Posted on:2011-08-17Degree:Ph.DType:Dissertation
University:Brandeis UniversityCandidate:Chalk, Brian PatrickFull Text:PDF
GTID:1445390002452451Subject:Literature
Abstract/Summary:
My dissertation offers a new model for understanding the relationship between early modern dramatists and literary posterity. Critics have long noted Ben Jonson's proprietary claims over his texts, and recent studies have reevaluated Shakespeare's interest in print. In focusing on issues surrounding the conditions of production, however, these studies tend to underestimate the plays themselves as resources. I argue that the various ways in which Jacobean dramatists thematize the period's preoccupation with memorialization in their works relates fundamentally to their own interest in self-perpetuation. My introduction outlines the post-Reformation historical developments that produced these anxieties over memorialization and places Renaissance dramatists within this context.In chapter one, I argue that, with his Tamburlaine plays, Marlowe self-consciously defies both the commemorative rituals and the eternizing tropes of the poetry of his time. Tamburlaine's argument for its value as an enduring literary object works paradoxically through an insistence on its status as an ephemeral, theatrical work. Chapter two explores how Ben Jonson assimilates Marlowe's classicism but at the same time aims emphatically to preserve his works for posterity.
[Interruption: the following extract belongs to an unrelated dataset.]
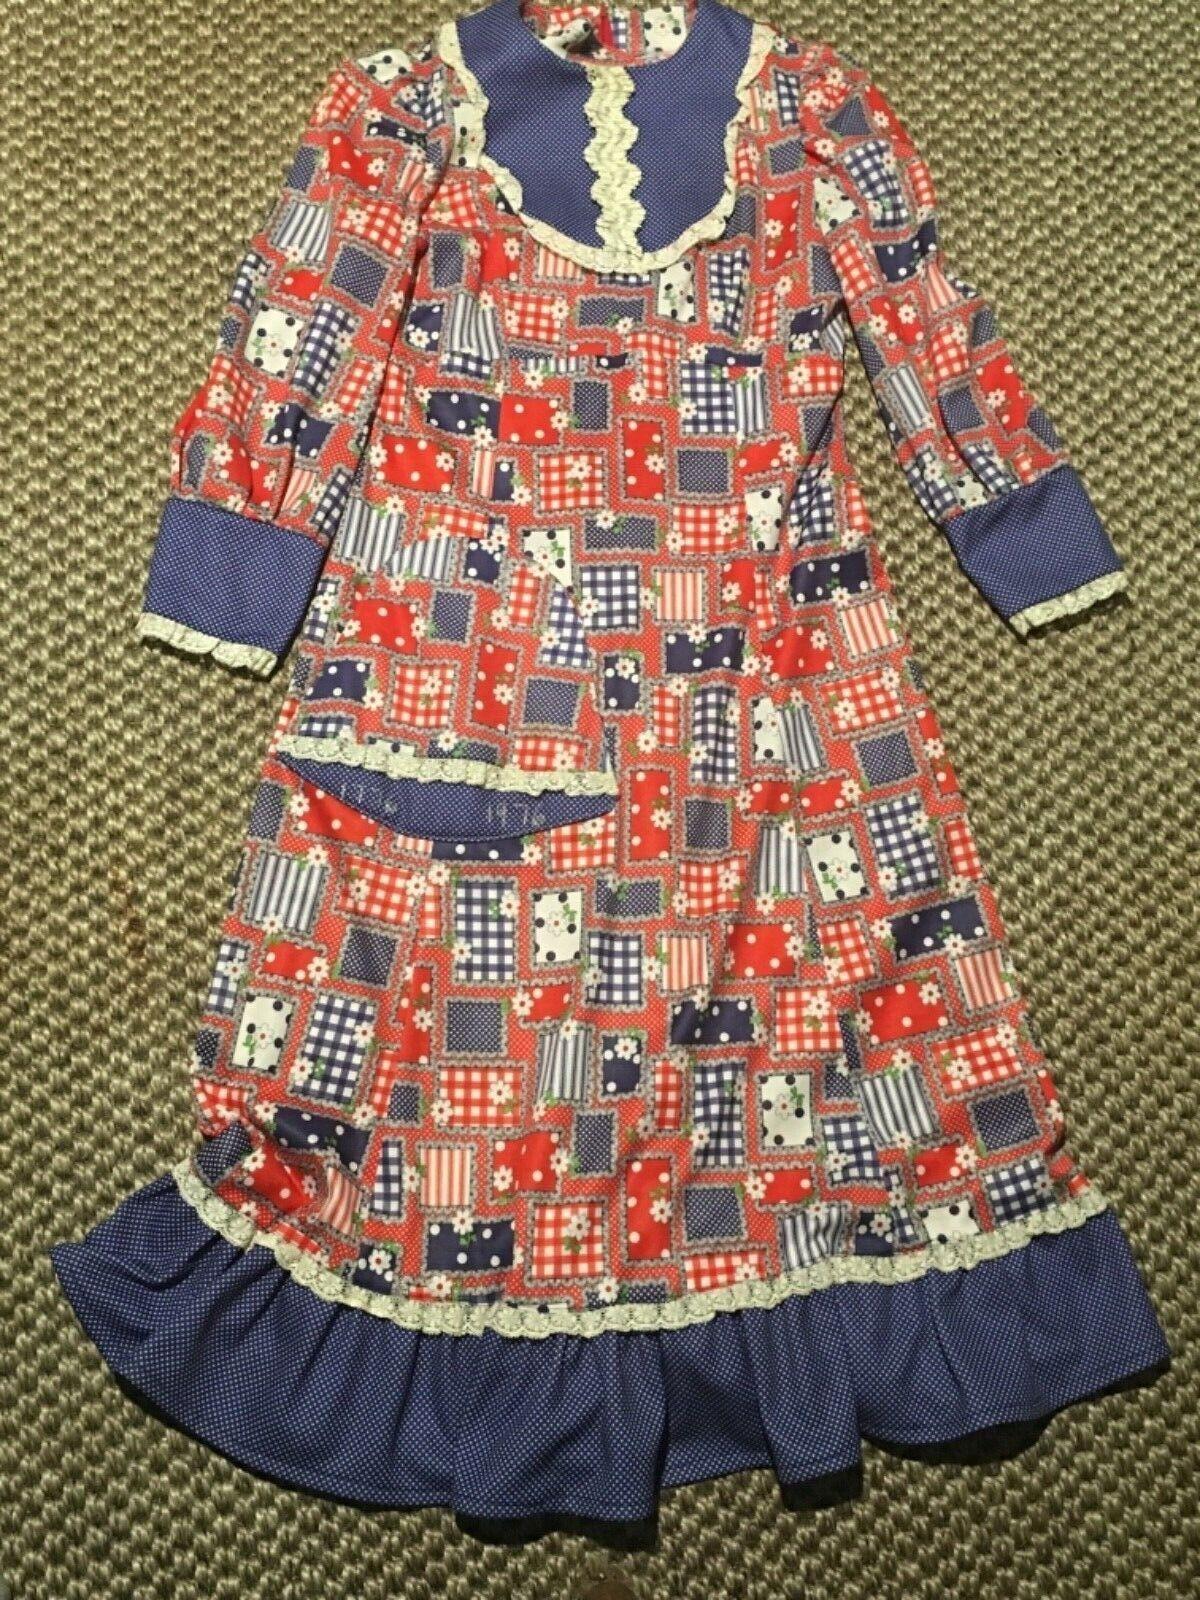 Vtg Floral gingham Patchwork lace trim ruffle Boho Hippie Maxi maiden Dress mumu
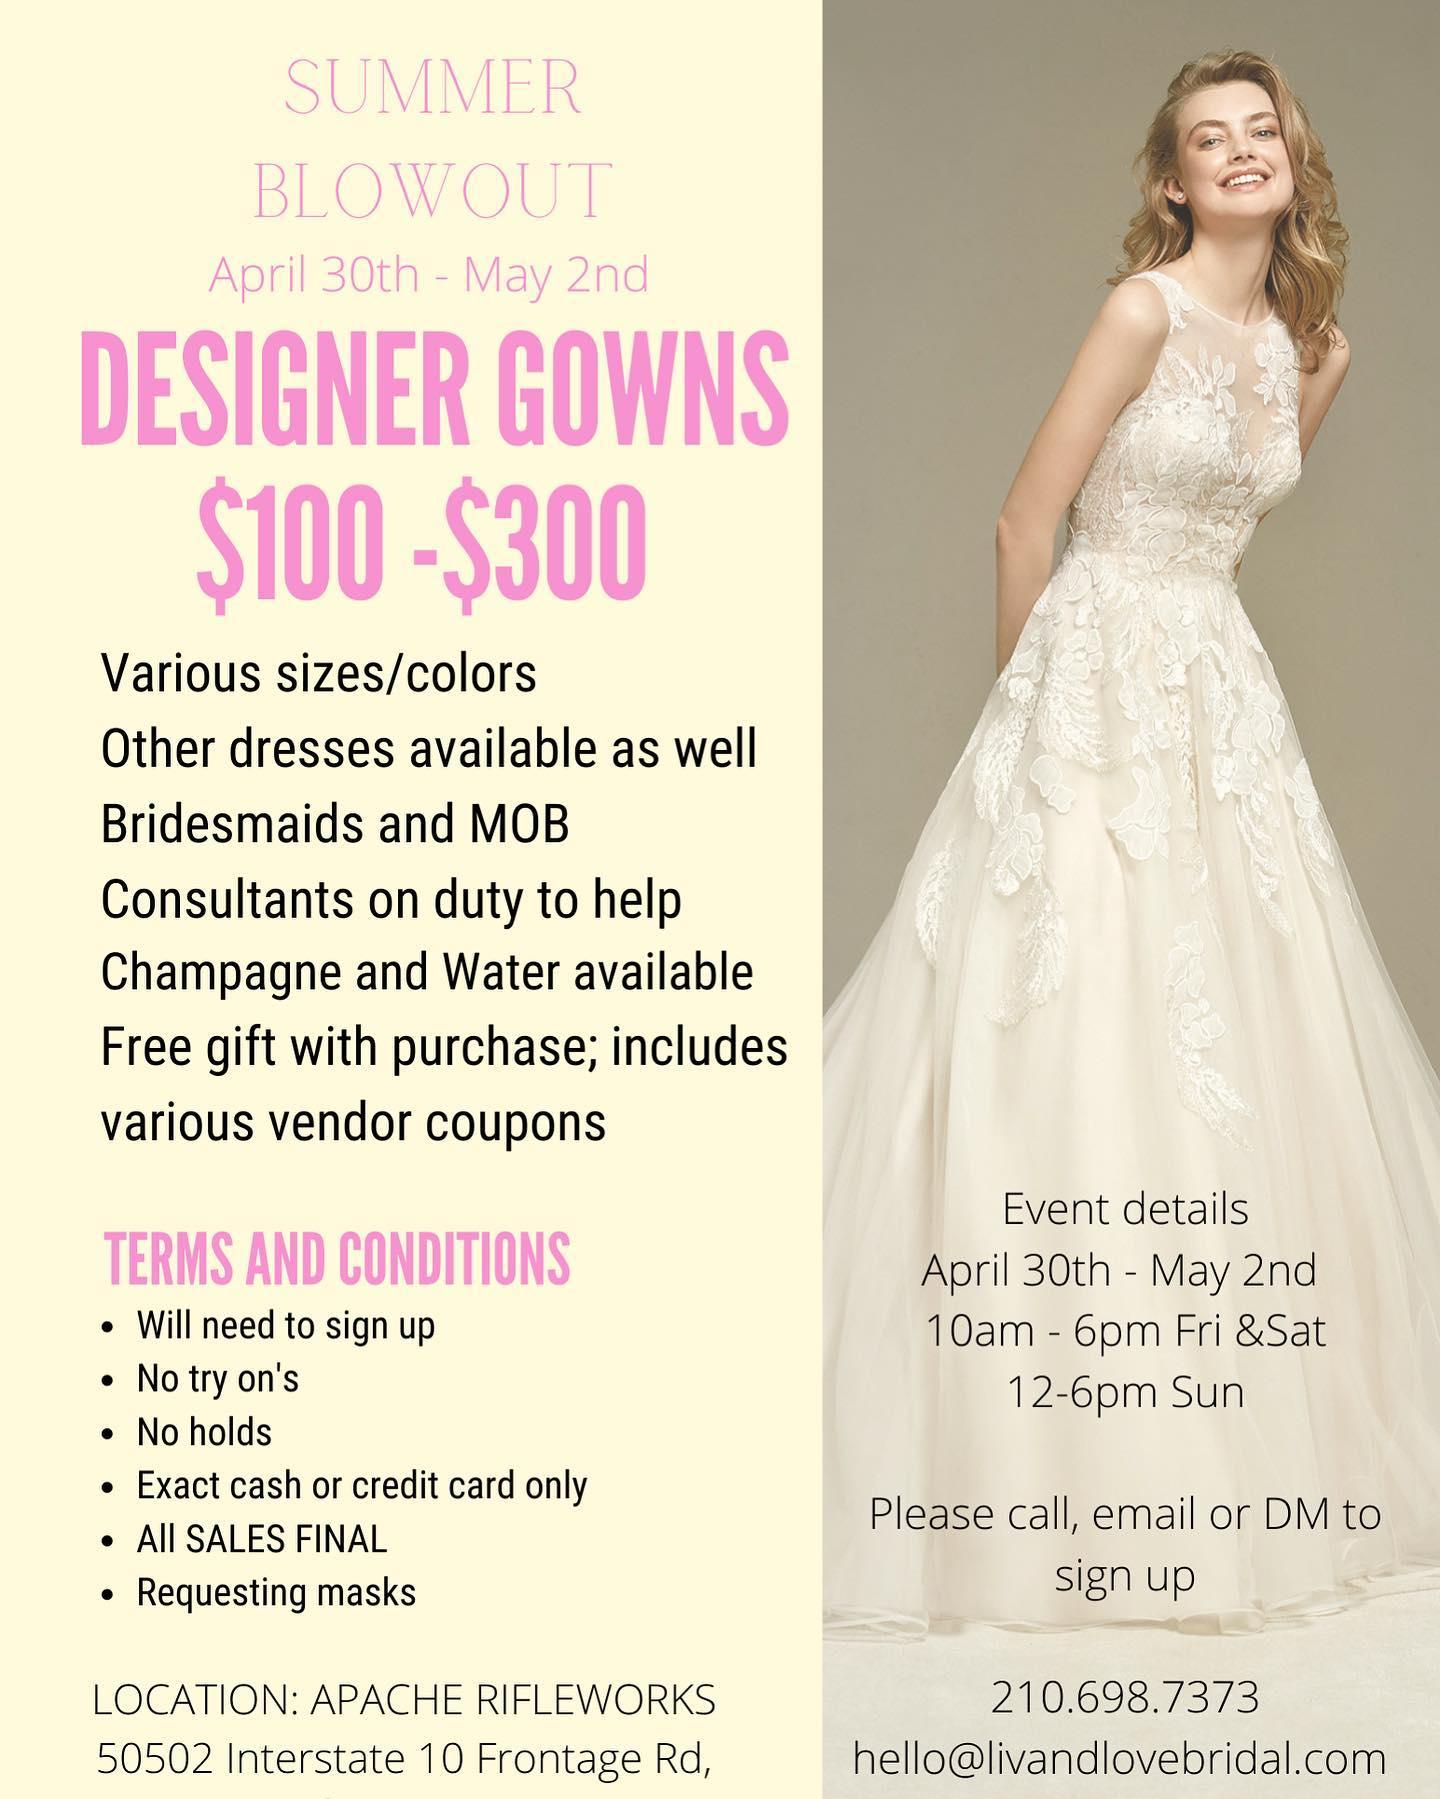 liv and love bridal shop in San Antonio texas huge summer blowout sale

In his Roman tragedy Sejanus, Jonson adapts a Roman sense of monumentality to his own literary project in order to assuage the tension between his immortalizing ambitions and the transitory nature of the medium in which he writes. Chapter Three investigates Shakespeare's attitude toward commemoration in The Winter's Tale, which, I suggest, represents the desire to secure one's posthumous identity prior to death as a destructive impulse that paralyzes the living. In my last chapter, I argue that John Webster's preoccupation with monumentality and its relationship to commemoration, which repeatedly features in his prefaces, resurfaces as a crucial framing device in The White Devil and The Duchess of Malfi. My project ends with a brief epilogue that considers how Westminster Abbey's Poets' Corner poignantly demonstrates that attempting to control the conditions of one's legacy is a precarious enterprise.